● Task prompt
Starting at the line below that contains "This Vajrakilaya Tsa-Tsa" and ending at the line that contains "Reaction kettle heating", retype each line exactly as it stands, but omit the pictures.

● Records for the task
+++++
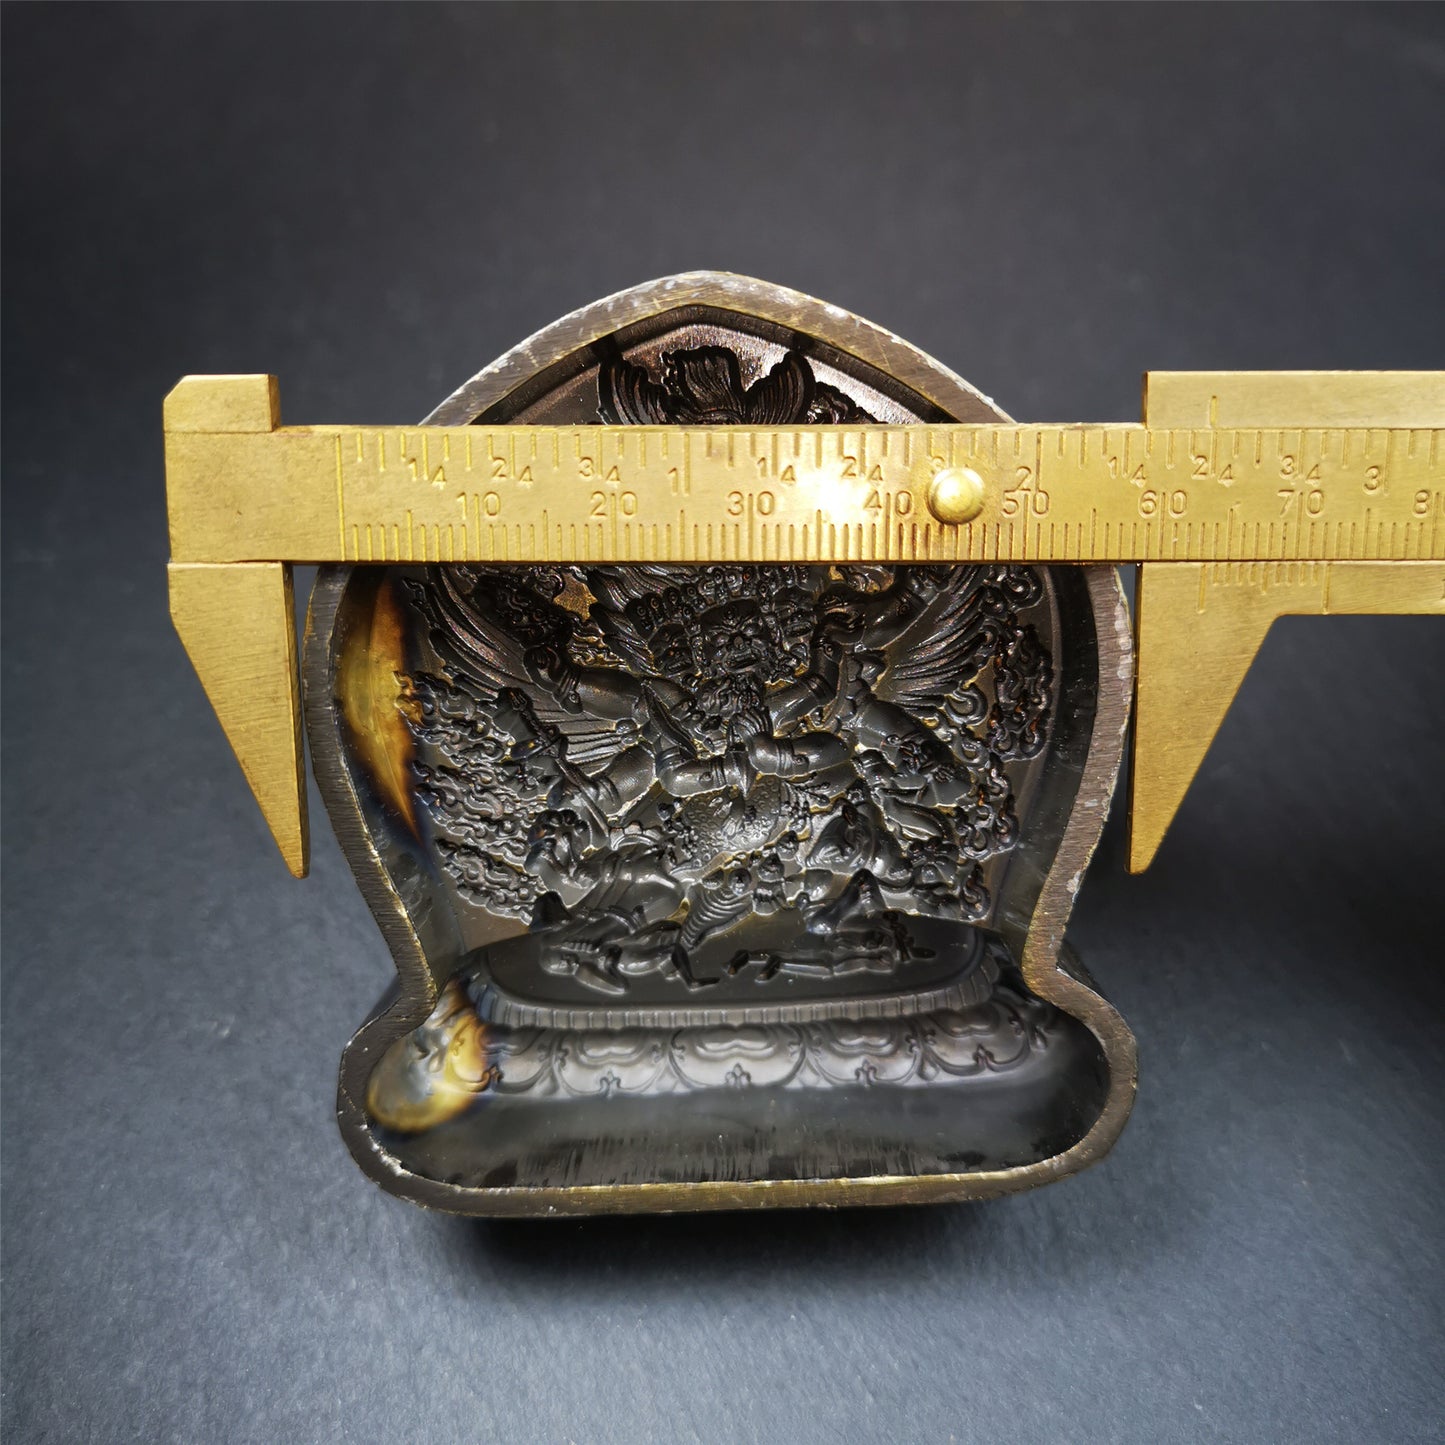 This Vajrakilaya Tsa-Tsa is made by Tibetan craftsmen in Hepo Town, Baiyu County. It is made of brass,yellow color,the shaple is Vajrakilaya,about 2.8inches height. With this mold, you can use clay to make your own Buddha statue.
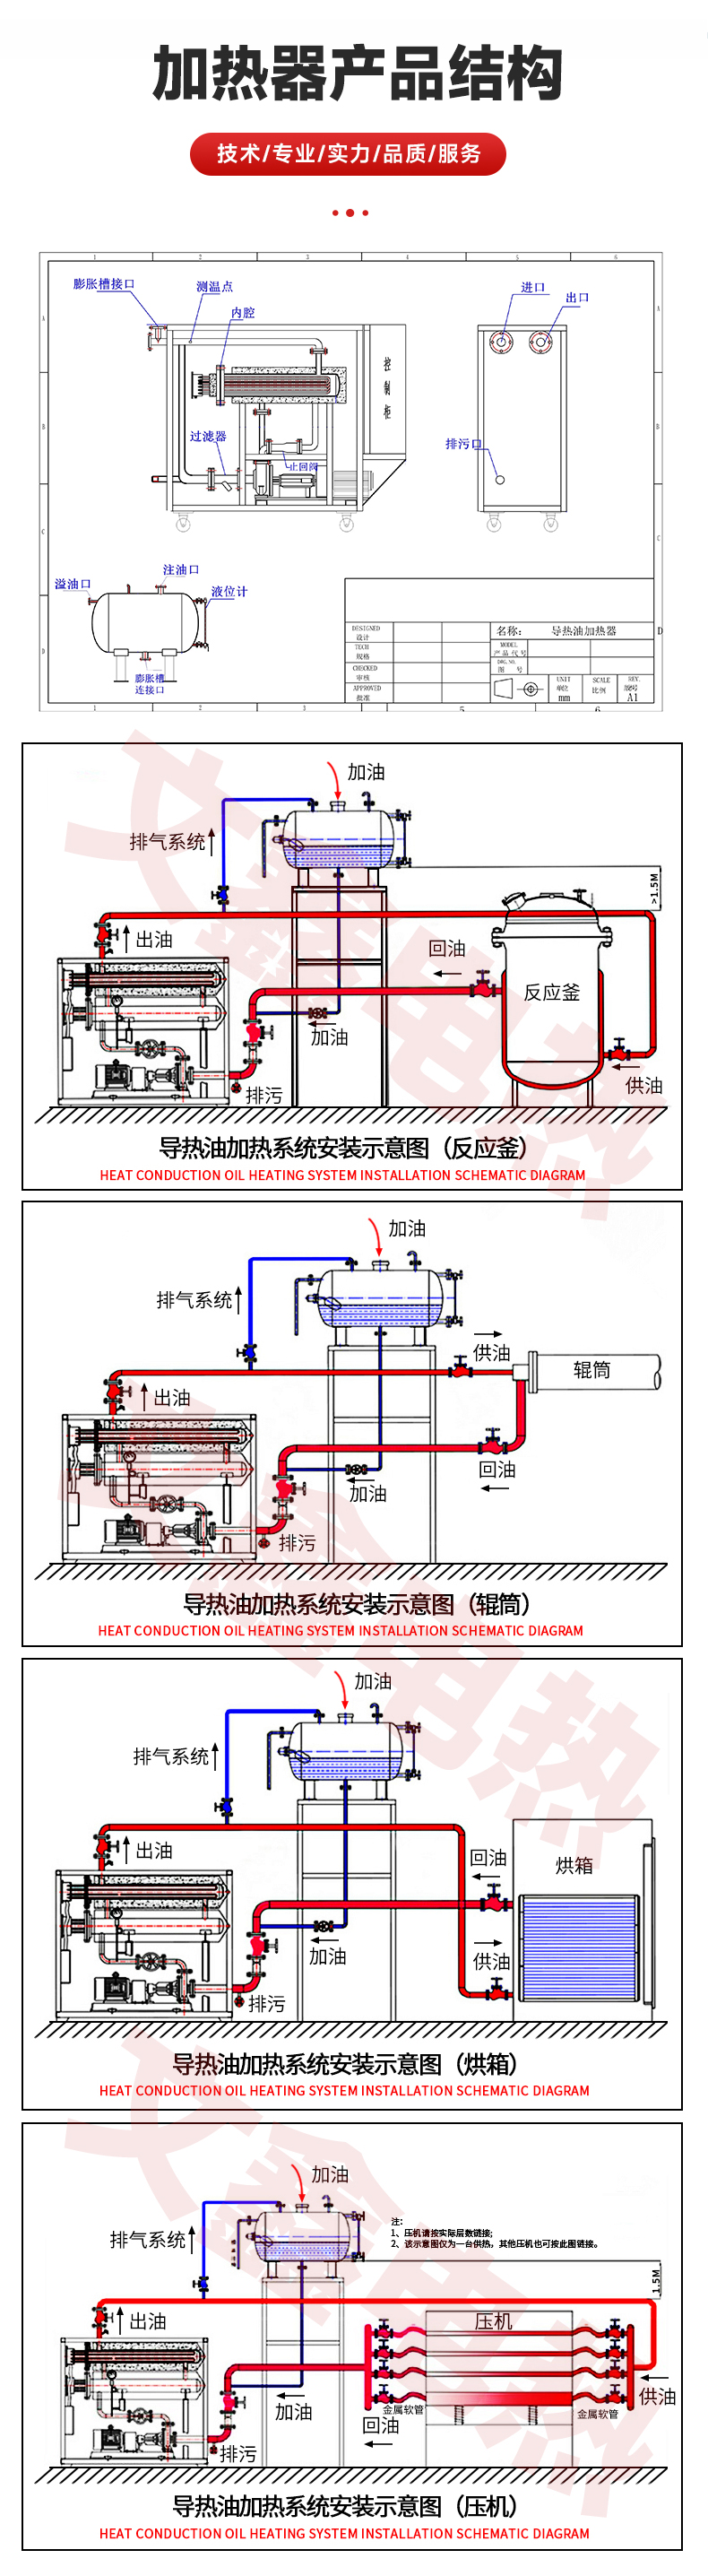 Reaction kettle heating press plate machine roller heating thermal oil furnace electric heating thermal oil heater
+++++
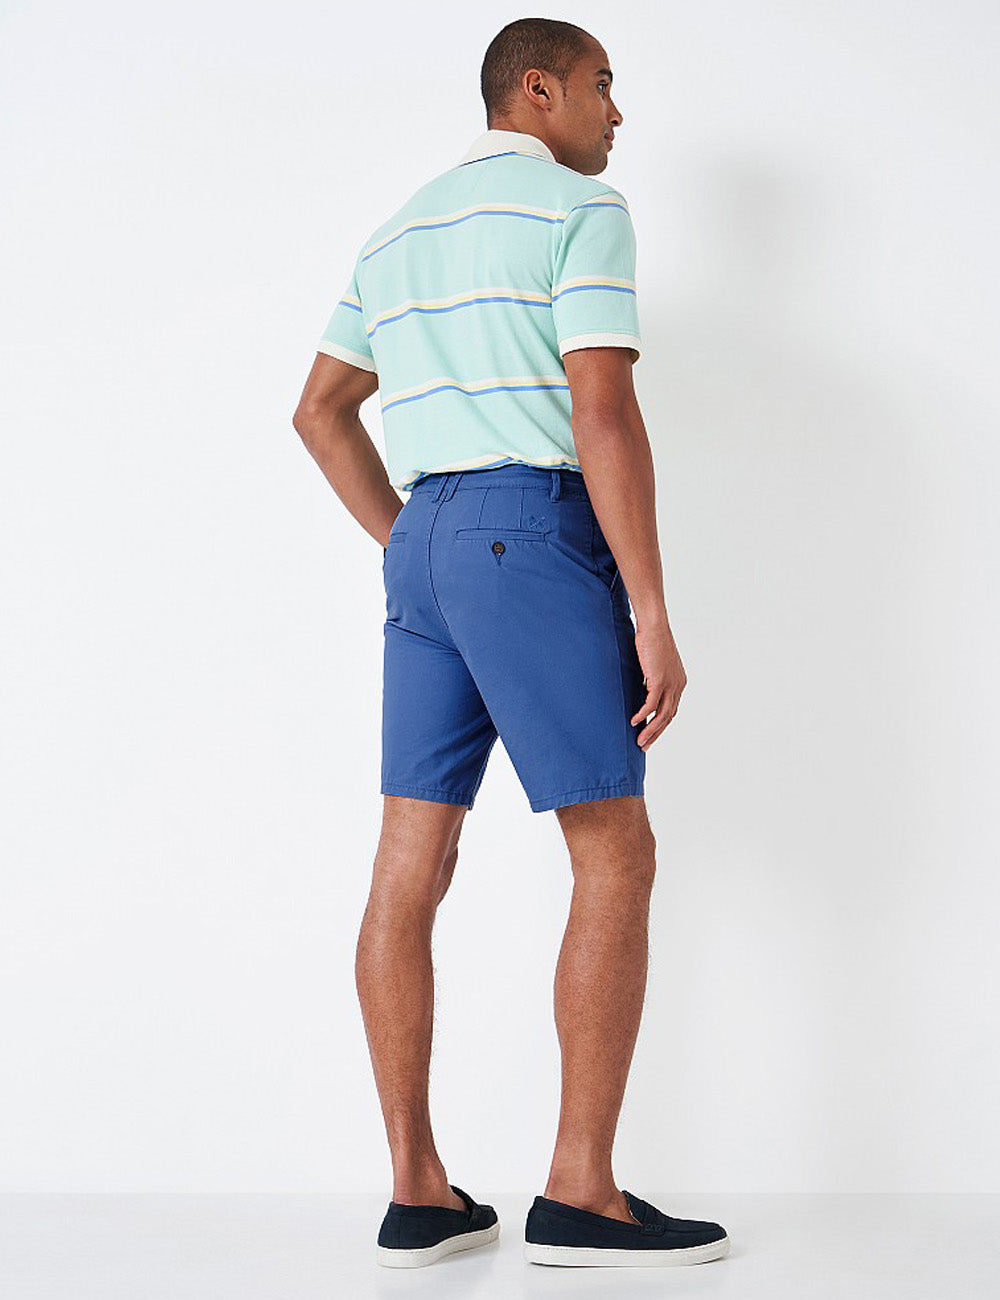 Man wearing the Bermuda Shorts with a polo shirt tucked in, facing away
+++++
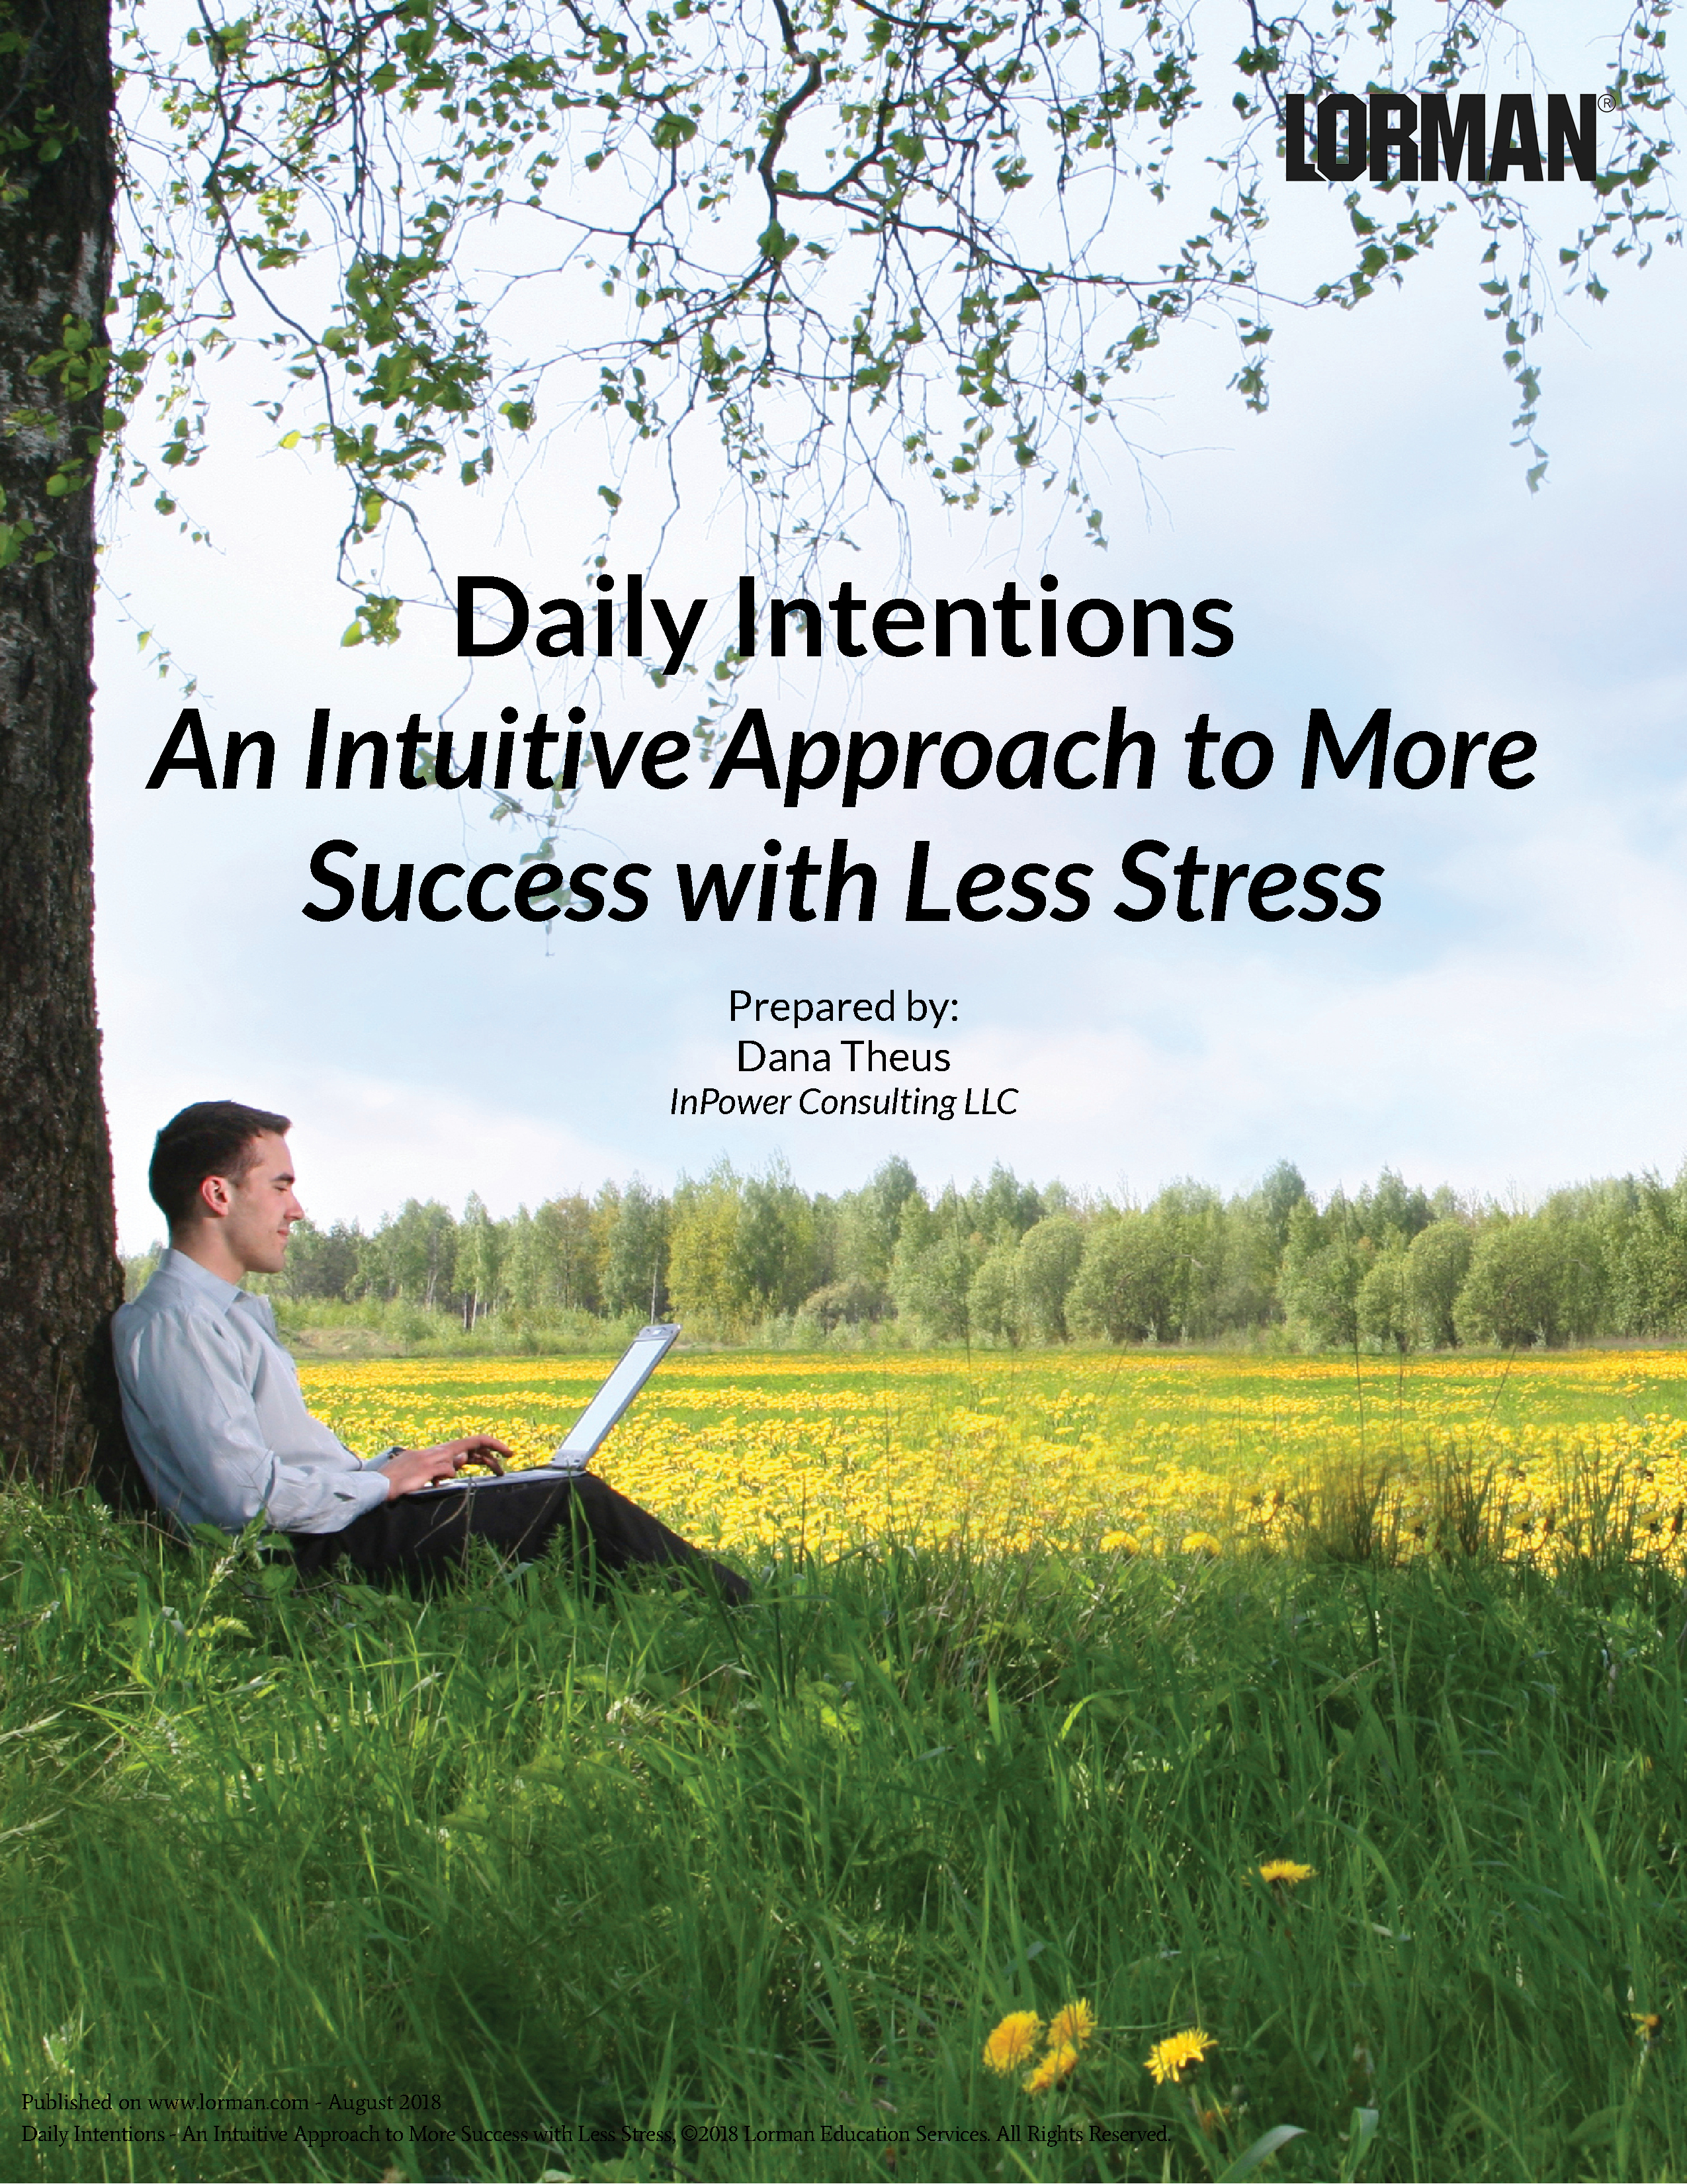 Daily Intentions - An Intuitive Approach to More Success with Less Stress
+++++
● Answer to the exercise
 This Vajrakilaya Tsa-Tsa is made by Tibetan craftsmen in Hepo Town, Baiyu County. It is made of brass,yellow color,the shaple is Vajrakilaya,about 2.8inches height. With this mold, you can use clay to make your own Buddha statue.
 Reaction kettle heating press plate machine roller heating thermal oil furnace electric heating thermal oil heater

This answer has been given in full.